Loss

I lost another friend to cancer last week. Shelley was a beautiful woman and she fought gallantly to the very end. I saw her a few weeks ago, when her liver function was failing. For me, it was just weeks after Louise’s death, so the pale translucent skin and sunken eyes spoke volumes. Yet her smile was unmistakable, her laughter like a song. I took her a shirt that I felt fit her indomitable spirit. On the front it said, “Got Hope?” and on the back, “I Do.” Knowing that her battle was intensifying did not decrease her hope. On the contrary, it strengthened it, because her hope was not in treatment, or drugs, or even doctors. Her hope was in the love of her savior, and knowing that either way…healing here and now, or healing in his arms in heaven…that she would beat cancer.

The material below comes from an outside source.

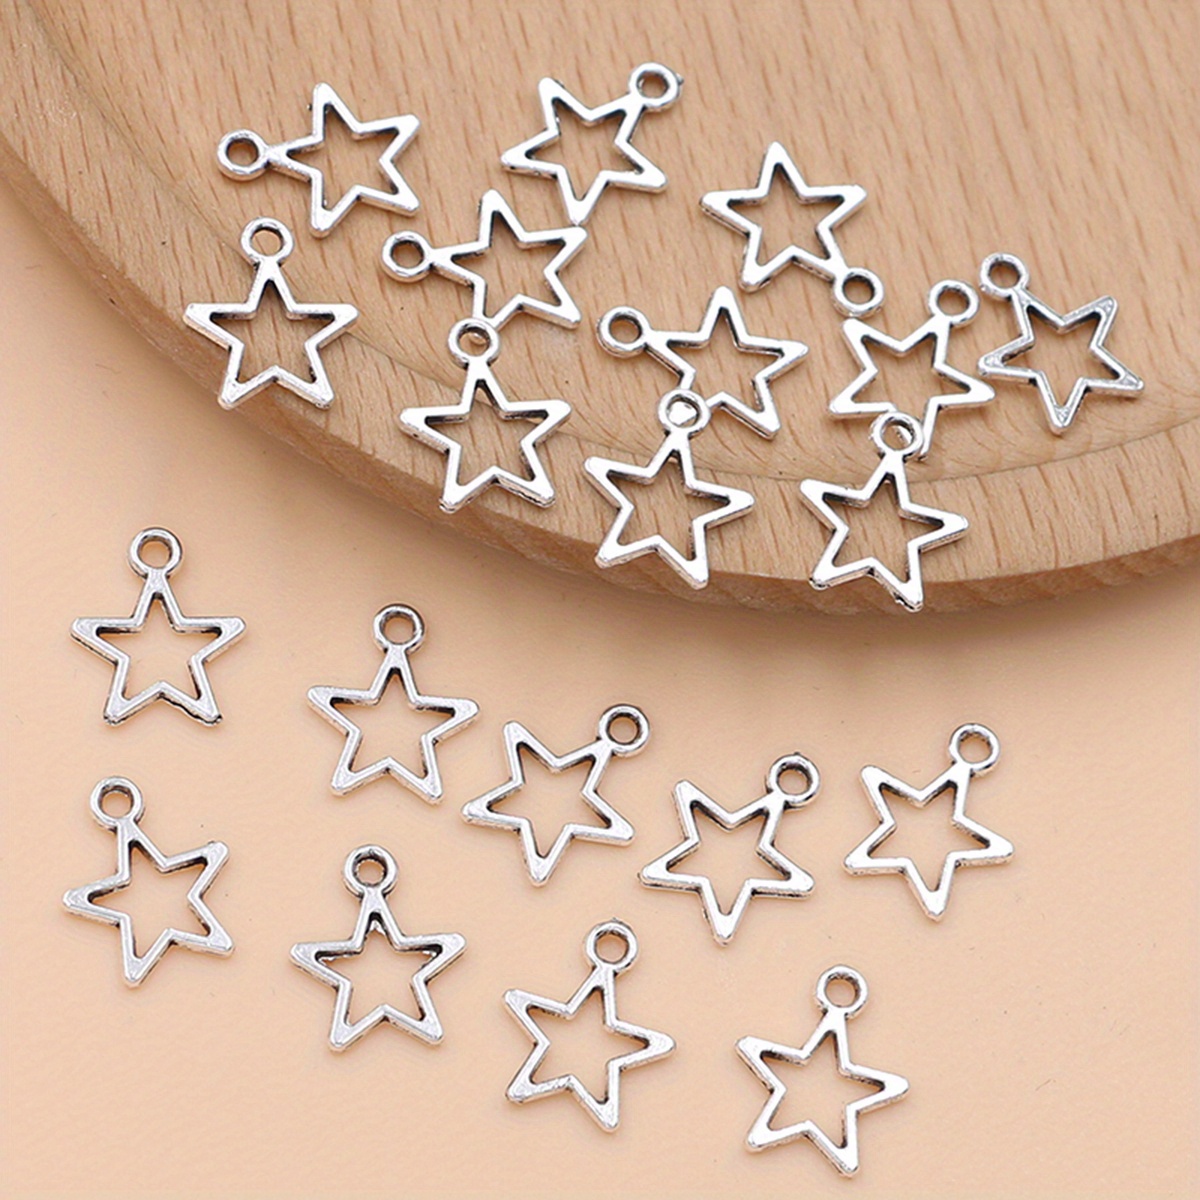 Inbagi 200 Pieces Star Pendant Mini Star Charms Alloy Dangle Star Shape Charm Dangle Making Charms for DIY Jewelry Making and Crafting, 8 x 10mm
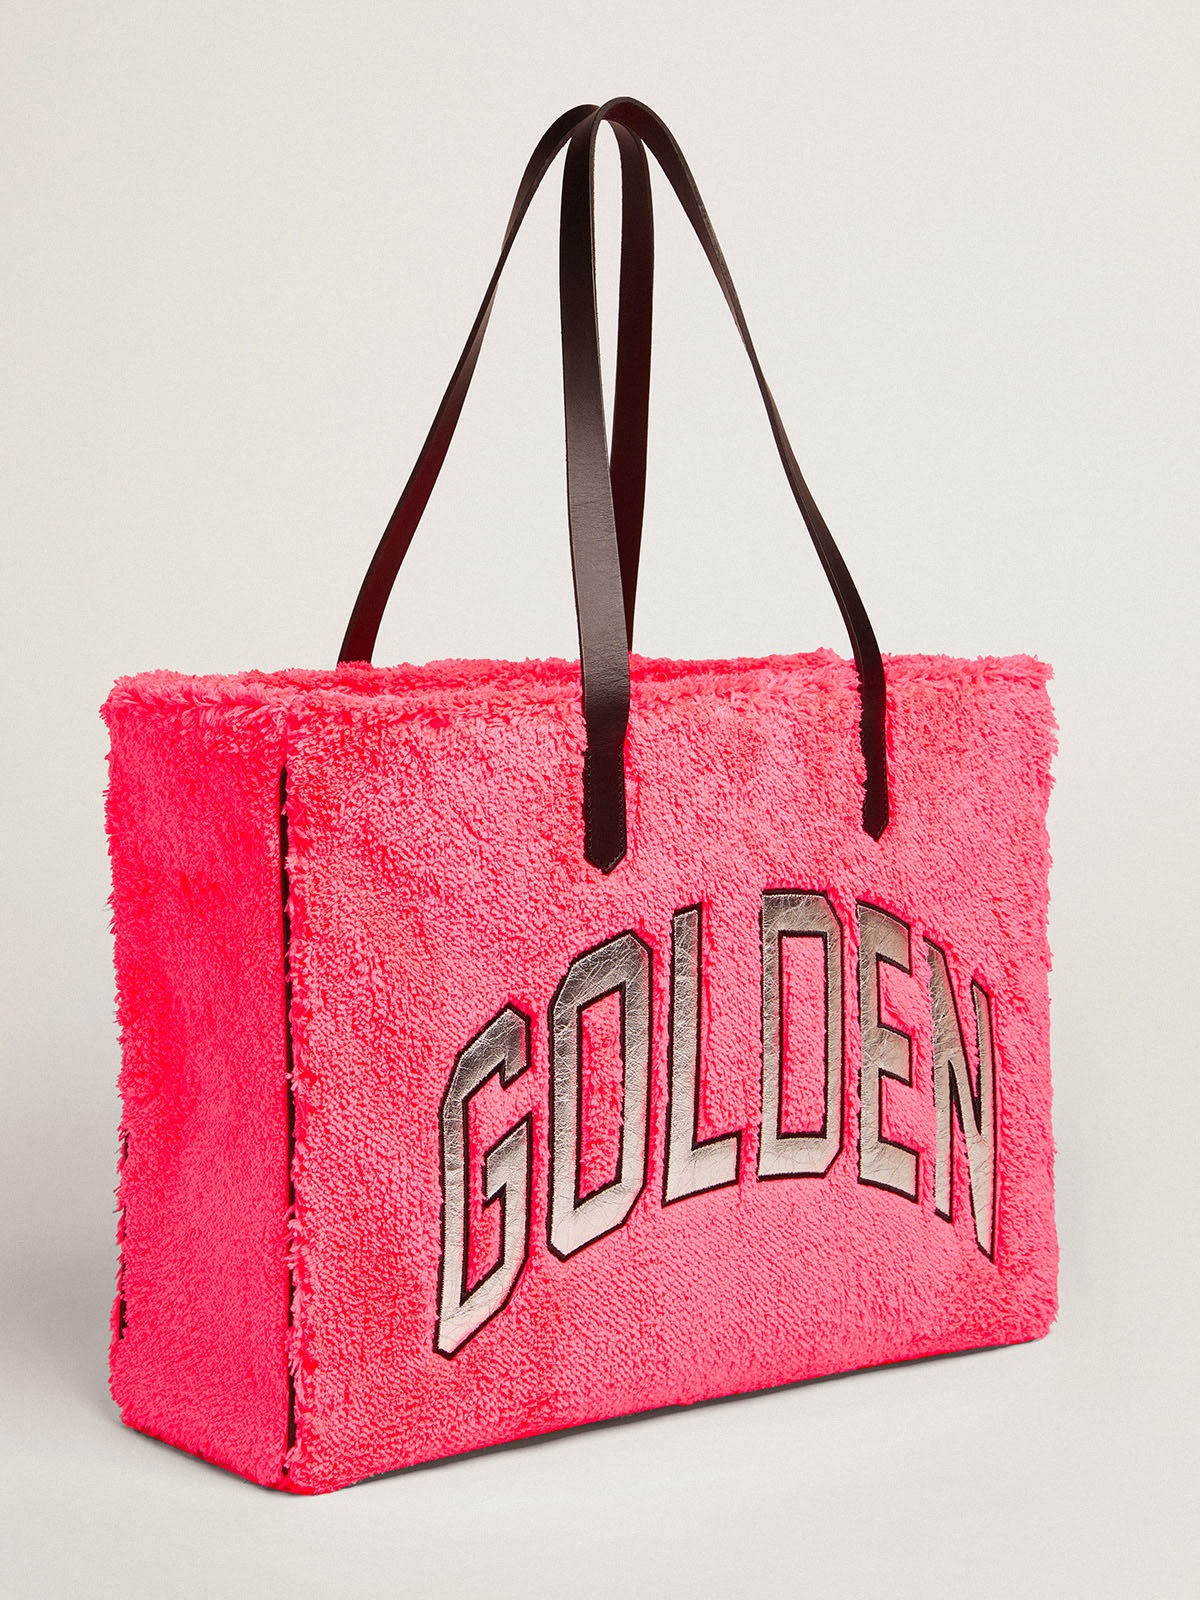 East-West California Bag in fuchsia terry fabric with Golden lettering in silver metallic leather - 5

She was willing to rest and allow whichever way God deemed his way, to play out. Having lost her mom to breast cancer, she was familiar with how this journey could end. She knew going into it that though she was only in her thirties, cancer doesn’t age discriminate. She continued on with her life, working, going to school, and fighting her medical battle for five years. As with all cancer journeys, she had triumphant days and devastating ones. She chose to live her life focused on her future goals of bringing healing to others through counseling. She didn’t give that up, no matter what because her hope was in life lived.

Those of us who knew her, know that she is worshiping at the throne now. It is a comfort to picture her whole and fully healed, even as we wrestle with God that the outcome is not what we wanted. Grief is a fickle dance partner. Just when you feel you are spinning away it pulls you back into its arms. And so it will go, for time and seasons. The dealing is a head on matter, which cannot be avoided or ignored. It must be felt at the deepest level, through the tears, heartache, and past baggage that it drudges to the surface. Ultimately, it is cleansing. Like any good song, it resolves, leaving the feeling of having completed its work. Not that the scar disappears…nope, the scar is raw and painful for a long while before healing over into a visible reminder of the bitter-sweetness that is life. Always a scar, until we are reunited with our loved ones in the future.

However, scars are merely seeds of compassion. Without them, we may not feel for others who are in pain. We cannot experience empathy without the jagged edges they leave behind. The God who designed our hearts built a release valve into them through which he pours his love and care for his creation. If we have wept, we know how to weep with others. We cannot help but feel and since we are made in his image…we feel what he feels. He knows grief. He knows the sting that death leaves behind and, best of all; he knows the healing that true life brings. That is our hope.